A prosperous, stable Greece is a critical element in that, and I believe Greece has a strong interest in the specific outcomes to which the prime minister committed the UK government to pursue on 23 January. First – the prime minister said repeatedly in her speech that our cooperation with all European partners on defense, security and foreign policy, including intelligence sharing, will continue. The security of our citizens is not negotiable. With Greece, that means the highly valued collaboration we have with partners in the Greek armed forces, police, coast guard and customs on migration, counterterrorism, and organized crime will remain a priority. Second, our aim of a bold and ambitious free-trade agreement, which gives British and European companies the maximum freedom to trade across our markets, can only be of benefit to Greece.

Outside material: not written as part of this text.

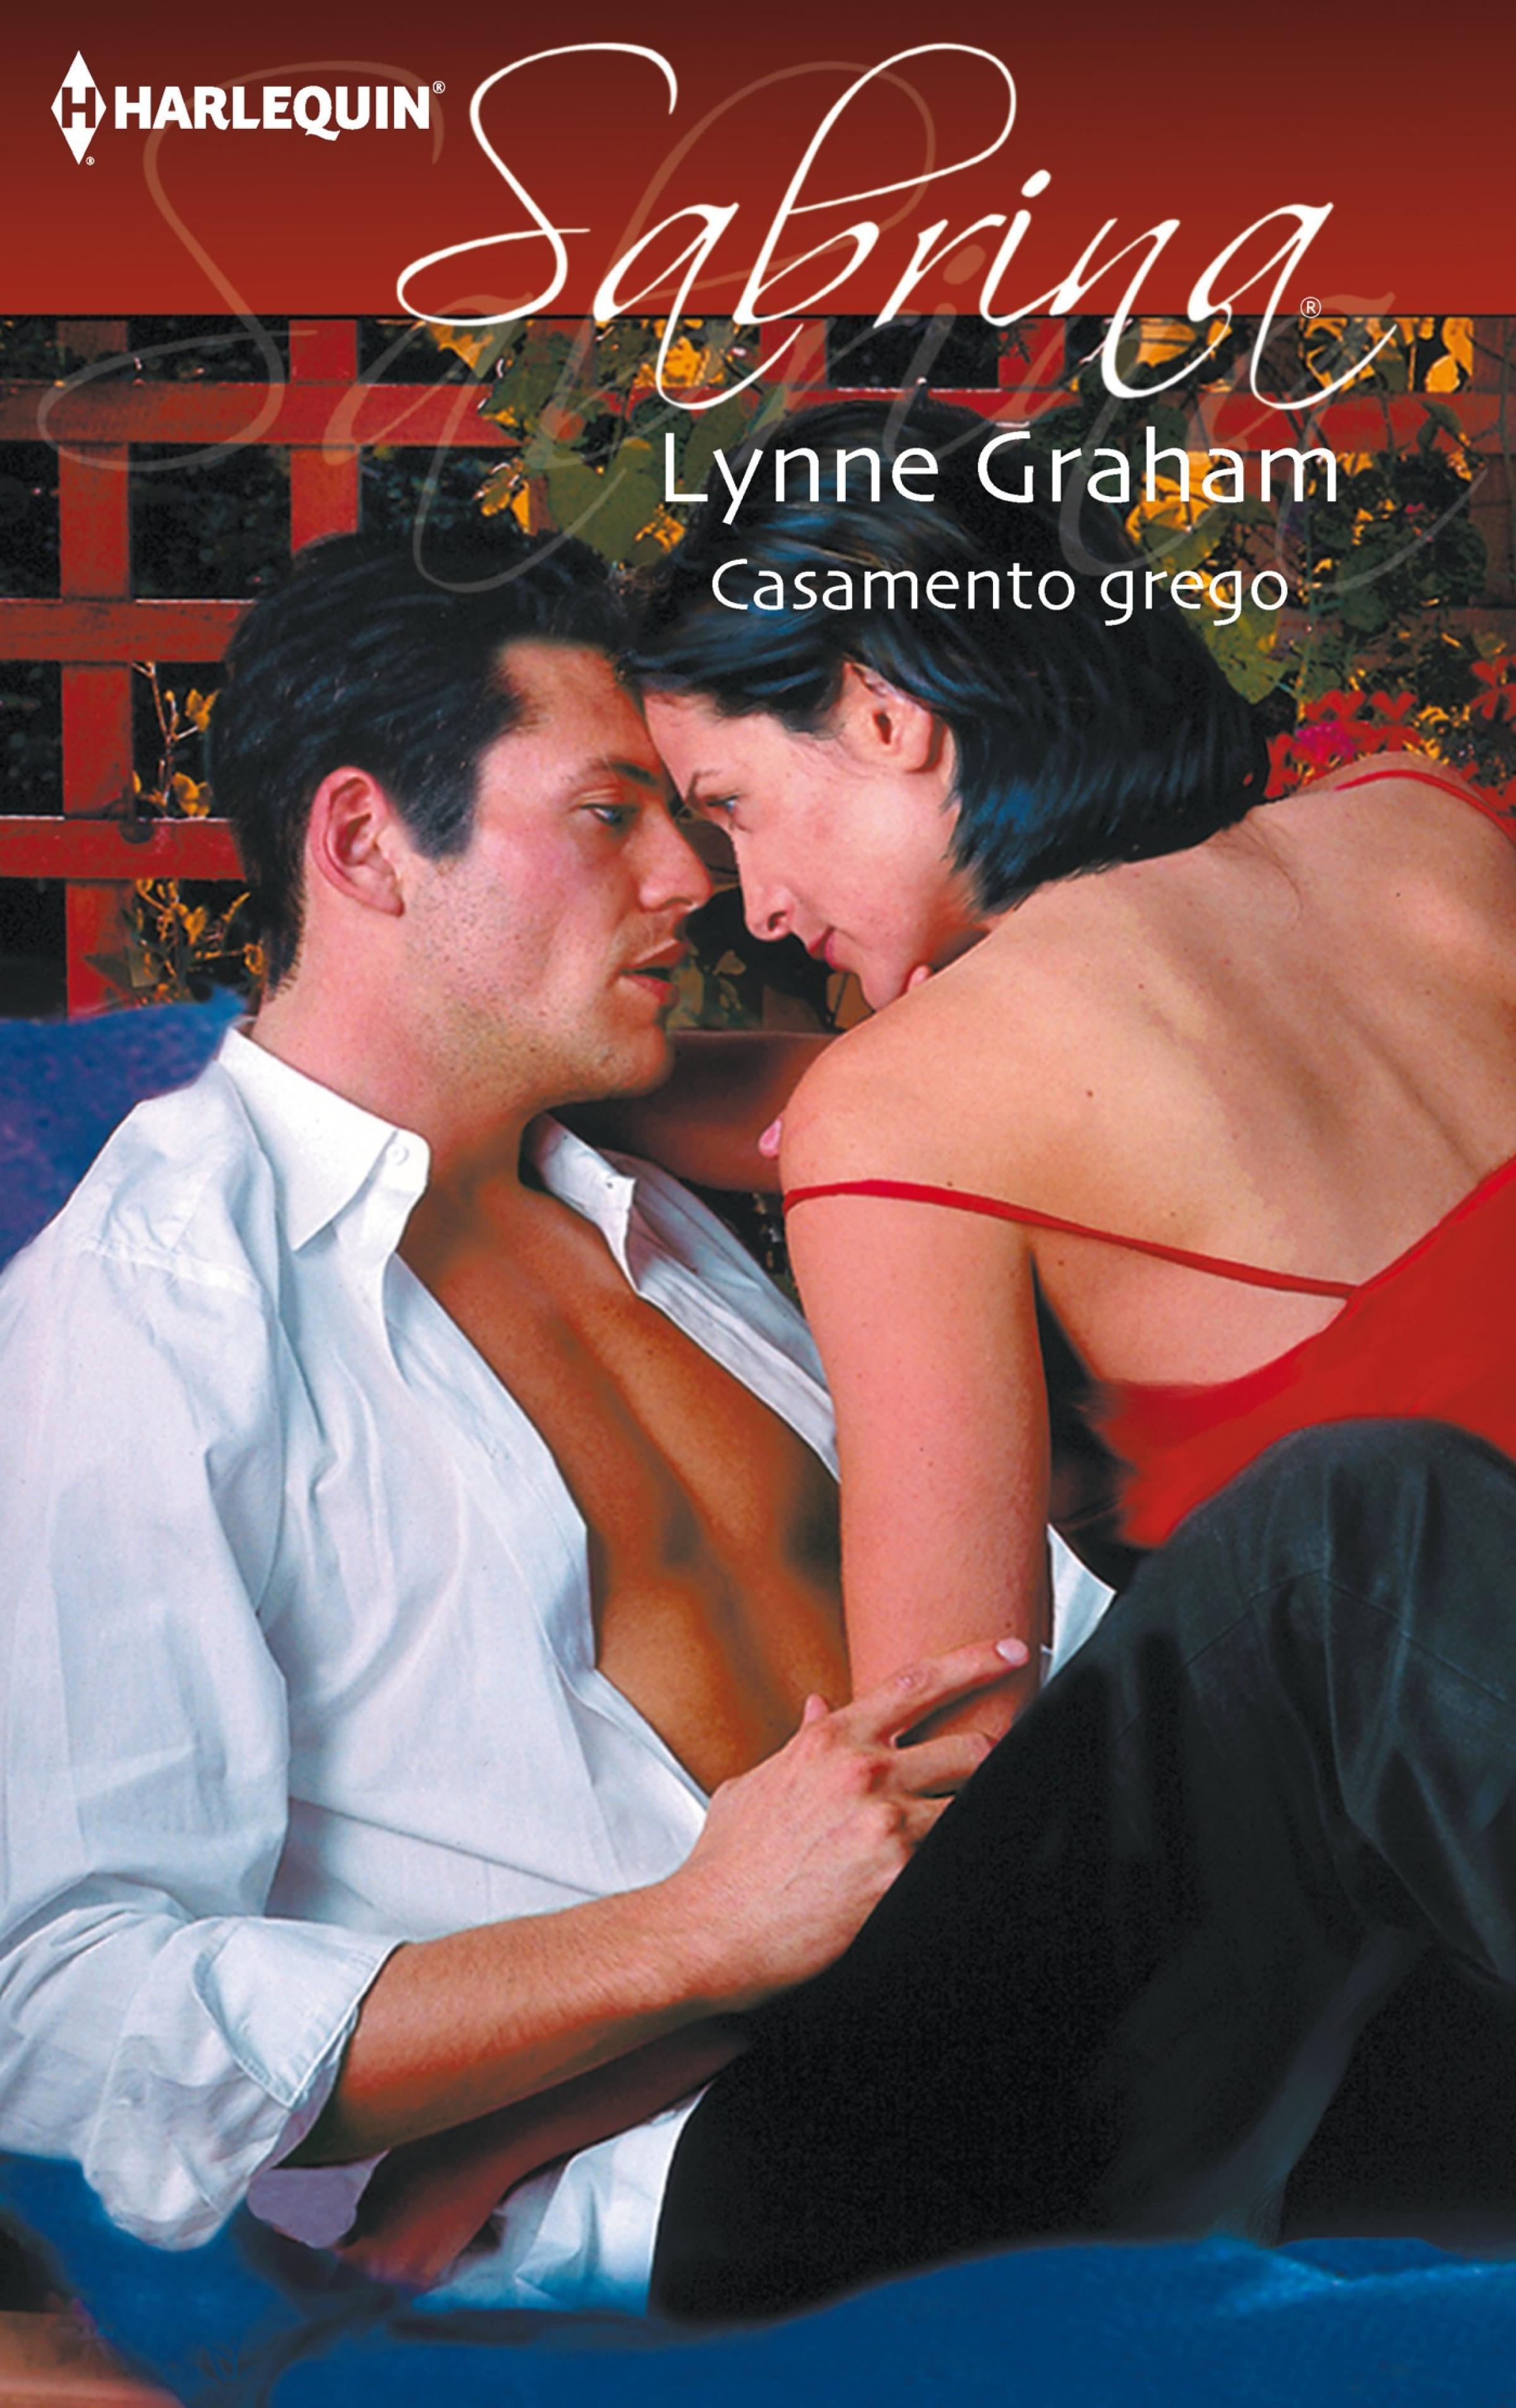 Lynne Graham Casamento grego lynne graham bittersweet passion

The United Kingdom is the second biggest export market for Greece’s pharmaceutical products, and third largest for agricultural products; while the freedom for the British financial and professional services to continue to trade across borders will benefit both the City of London and the Greek shipping sector, one of its most important customers. Third: There is much concern about the status of EU nationals in the UK after Brexit. Britain values very highly the contribution of Greeks who live and work and study in the UK – for example the hugely talented Greek clinical staff in, for example, the National Health Service – as well as the 10,000 Greek students in our universities. The rights and benefits of current students, and those starting in academic year 17/18, are secure to the end of their courses. And we want to guarantee the rights of all EU citizens already living in Britain, as well as the rights of British nationals in other member-states, as early as we can. Greece’s support on this would be very welcome.